During the financial crisis of 1875 Watkins declared bankruptcy and lost his San Francisco studio and his negatives to a creditor. The creditor and another photographer named Isaiah West Taber started marketing Watkins' stereographs with Taber's name on them. Despite this devastating setback, Watkins returned to Yosemite and began to rebuild his inventory.

In the following years, he traveled and photographed widely, north to British Columbia, south to Mexico and east to Yellowstone, Utah and Arizona. By the mid-1890s, however, Watkins' deteriorating eyesight and crippling arthritis limited his ability to work. In 1895 he was unable to pay his rent and moved with his wife and two daughters into an abandoned railroad car for 18 months. By 1897 Watkins was almost completely blind.

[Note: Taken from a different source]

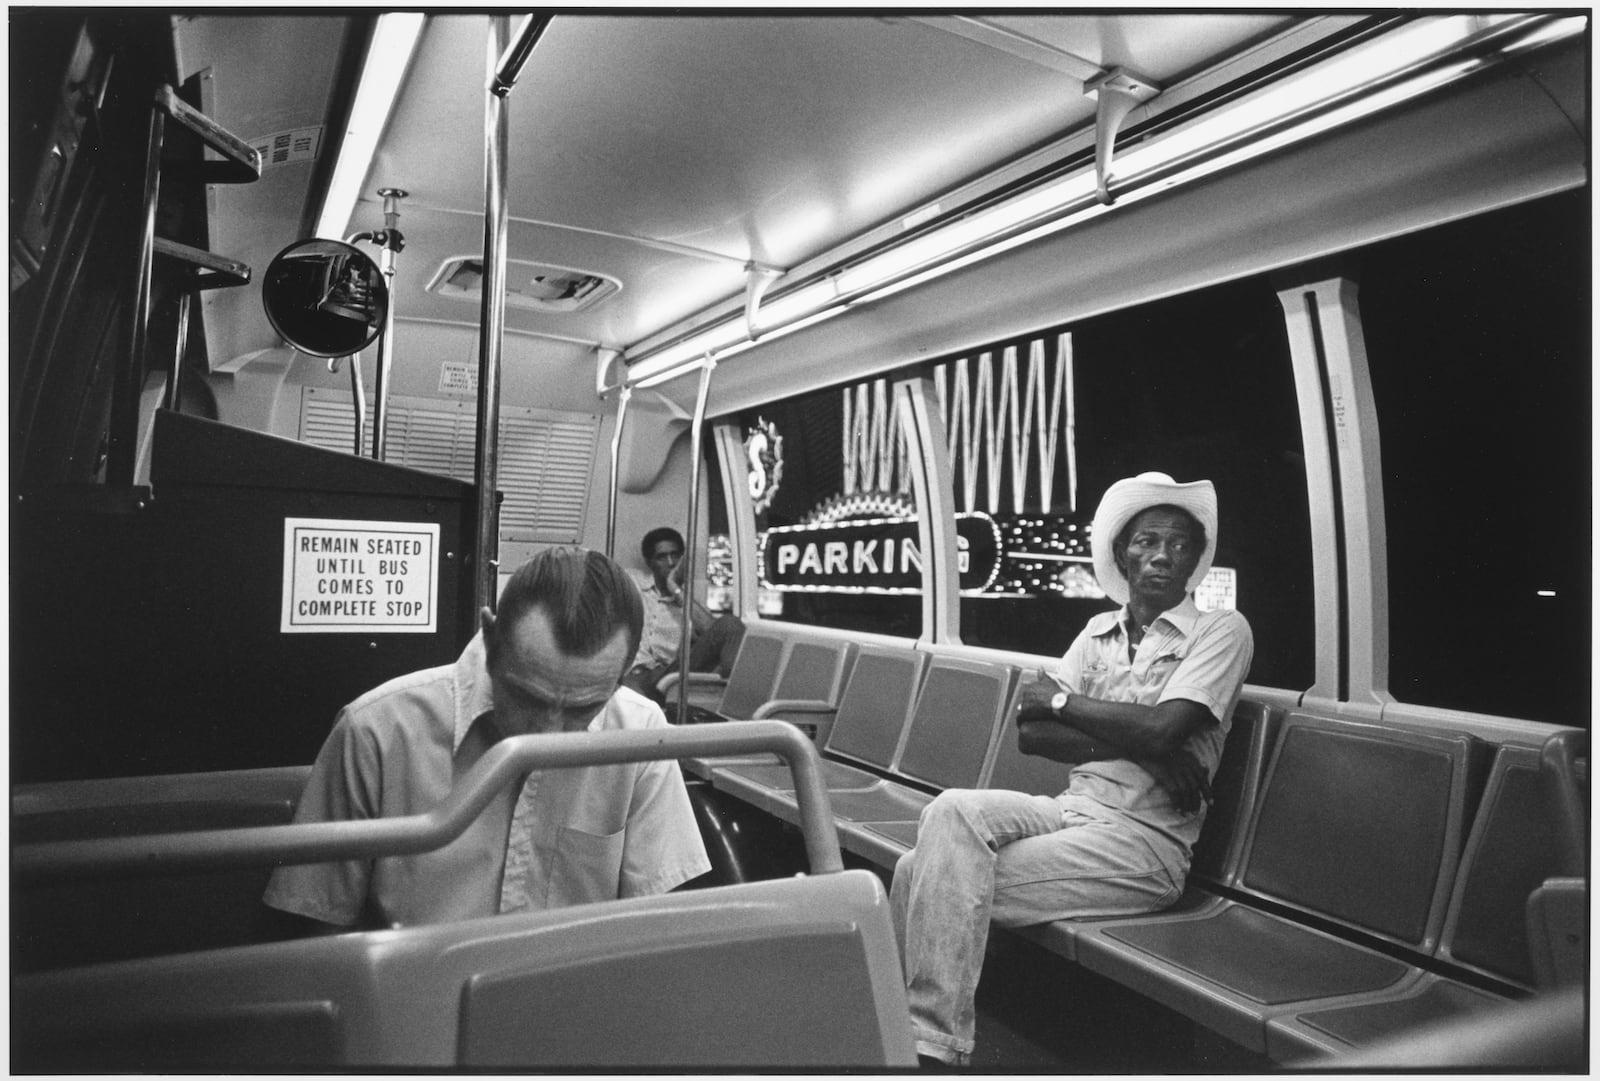 Tom Arndt, Man riding a bus, Las Vegas, 1981

The fire following the 1906 San Francisco earthquake burned Watkins' studio, and countless pictures and negatives and most all of his stereo works were lost. Watkins never recovered from the trauma and in 1910 he was committed to Napa State Hospital for the Insane; his wife began to say that she was a widow. Carleton Watkins died in the asylum six years later at age 87. He was buried in an unmarked grave on the hospital grounds.

Viewing the Watkins Yosemite Stereographs in 3D

To view these stereographs in 3D, move a little back from your normal viewing distance and put your index finger in line with the line between the two pictures and about halfway between your eyes and the pictures. Then focus on your finger. If you're lucky, three images will appear and the center one will be in 3D. Don't get discouraged if this doesn't work; few people are able to do it easily.

You can also make a paper 3D viewer, but few people are able to make that work. Another option is to use a Loreo Lite viewer or Plastic Stereo Card Viewer (Lorgnette), available for purchase online at low cost (see related links). While you're perusing viewers, take a look at the new HD 3D TVs. Watkins would be amazed.